Konishi Y, Matsumoto M, Miwa S, Minakata K
Cardiovascular Surgery, Japan Red Cross Society, Wakayama Medical Center, Japan.
Kyobu Geka. 1996 Dec;49(13):1074-7.
In many patients, right ventricular (RV) dysfunction is due to RV infarction. In some patients, however, RV dysfunction may be secondary to the left ventricular (LV) dysfunction. In order to clarify the influence of poor LV function on RV function, RV ejection fraction (EF) was evaluated serially by thermodilution techniques (REF-1, Edwards Laboratories) in patients with LVEF less than 40% who underwent aorto-coronary bypass surgery with uneventful postoperative course. The patients were divided into four groups depending on the site of LV infarction; anterior (n = 13), inferior (n = 8), anterior + inferior (n = 16), and no infarction (n = 4). Control (n = 11) consisted of the patients with LVEF more than 60% and with no significant stenosis of the right coronary artery. Cardiac index, intracardiac pressures and amount of catecholamine used during postoperative course showed no significant differences among the groups including control. However, the groups except for the group of anterior infarction showed significantly low pre- and postoperative RVEF compared with control. Only the group of anterior infarction had almost normal RVEF. These results mean that RV dysfunction associated with inferior infarction remain long afterwards and that low LVEF due to anterior infarction caused little effect on RV function.
在许多患者中,右心室(RV)功能障碍是由RV梗死引起的。然而,在一些患者中,RV功能障碍可能继发于左心室(LV)功能障碍。为了阐明LV功能不良对RV功能的影响,对左心室射血分数(LVEF)低于40%且接受主动脉冠状动脉搭桥手术且术后过程平稳的患者,采用热稀释技术(REF-1,爱德华兹实验室)连续评估RV射血分数(EF)。

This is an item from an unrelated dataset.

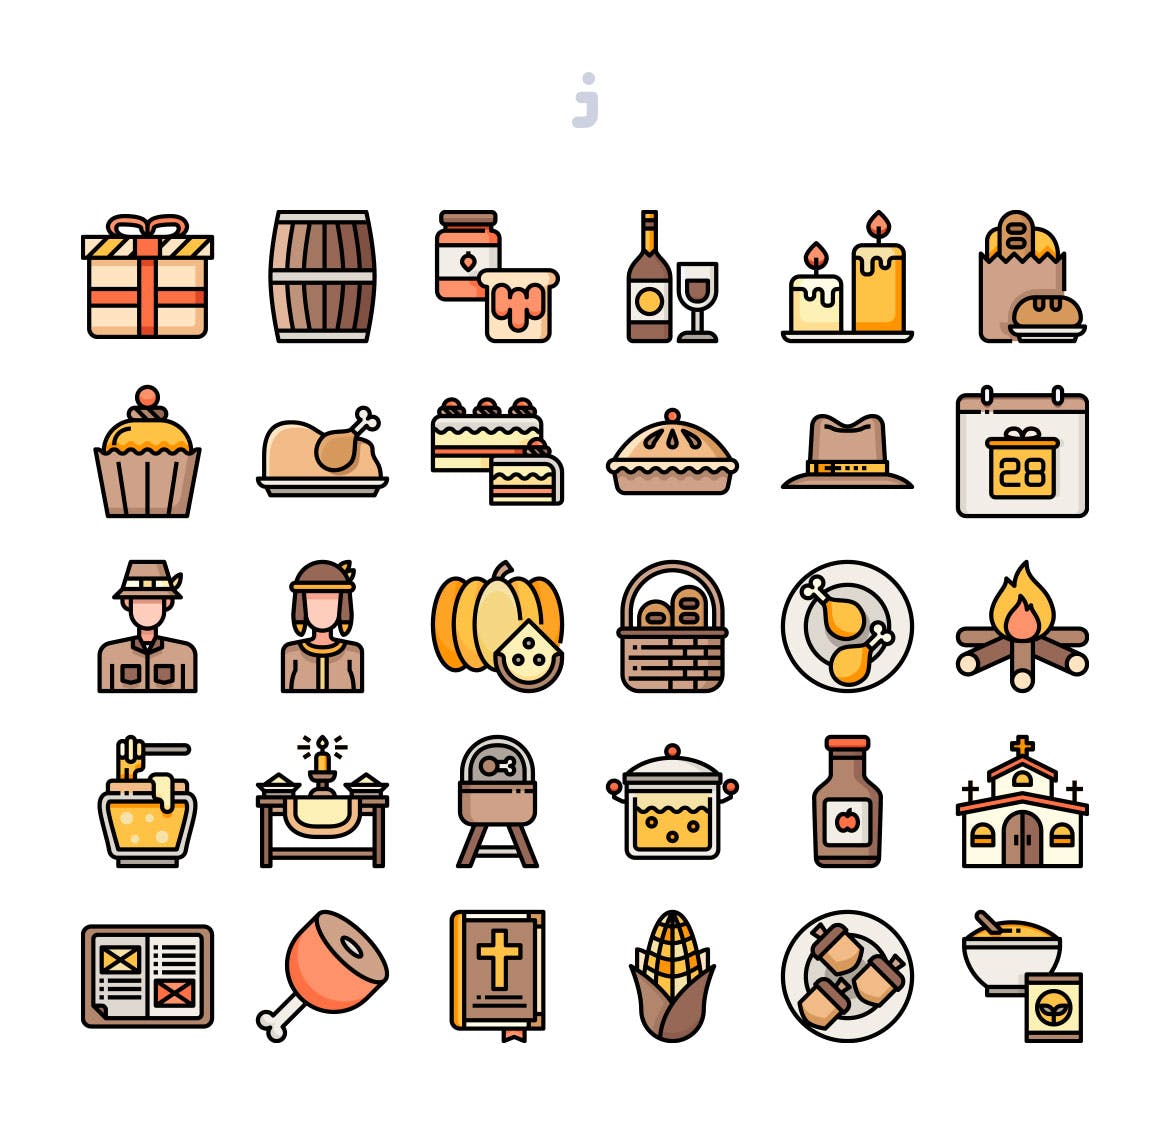 30枚感恩节节日主题矢量图标 30 Thanksgiving Icons插图(1)
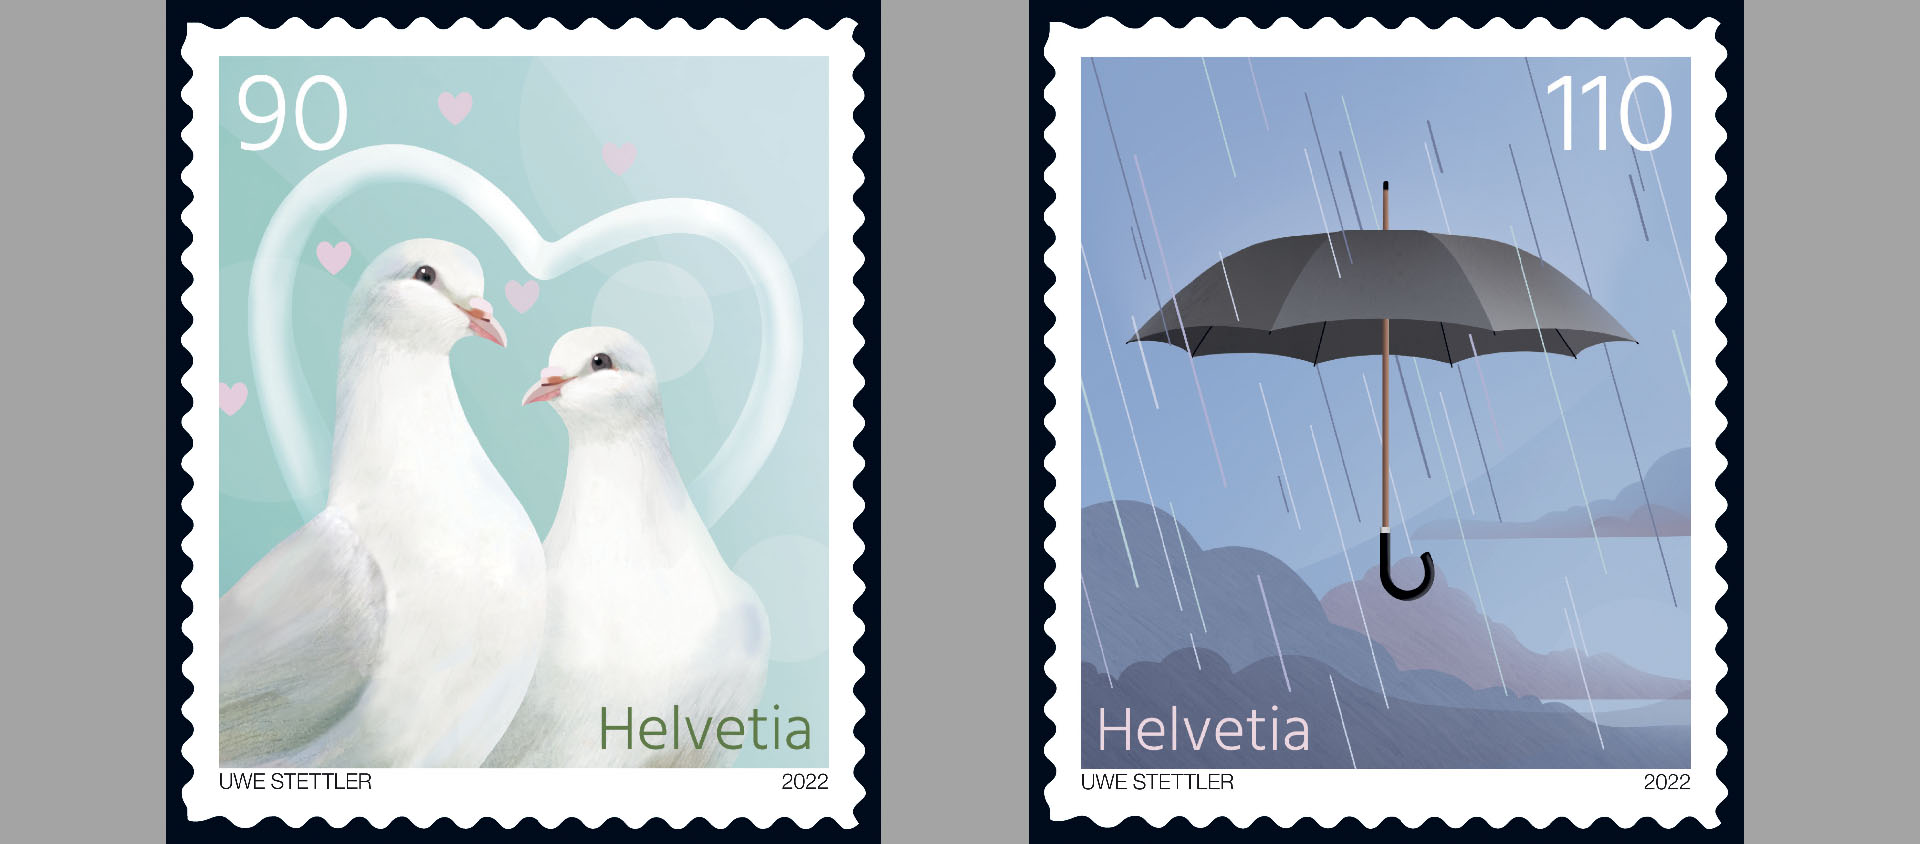 La Poste s'apprête à sortir deux timbres liés aux rites de passages: le mariage et le deuil | © La Poste suisse

根据LV梗死部位将患者分为四组:前壁梗死组(n = 13)、下壁梗死组(n = 8)、前壁+下壁梗死组(n = 16)和无梗死组(n = 4)。对照组(n = 11)由LVEF超过60%且右冠状动脉无明显狭窄的患者组成。术后过程中的心脏指数、心腔内压力和儿茶酚胺用量在包括对照组在内的各组之间无显著差异。然而,除前壁梗死组外,其他组术前和术后的RVEF与对照组相比均显著降低。只有前壁梗死组的RVEF几乎正常。这些结果表明,与下壁梗死相关的RV功能障碍会长期存在,而前壁梗死导致的低LVEF对RV功能影响较小。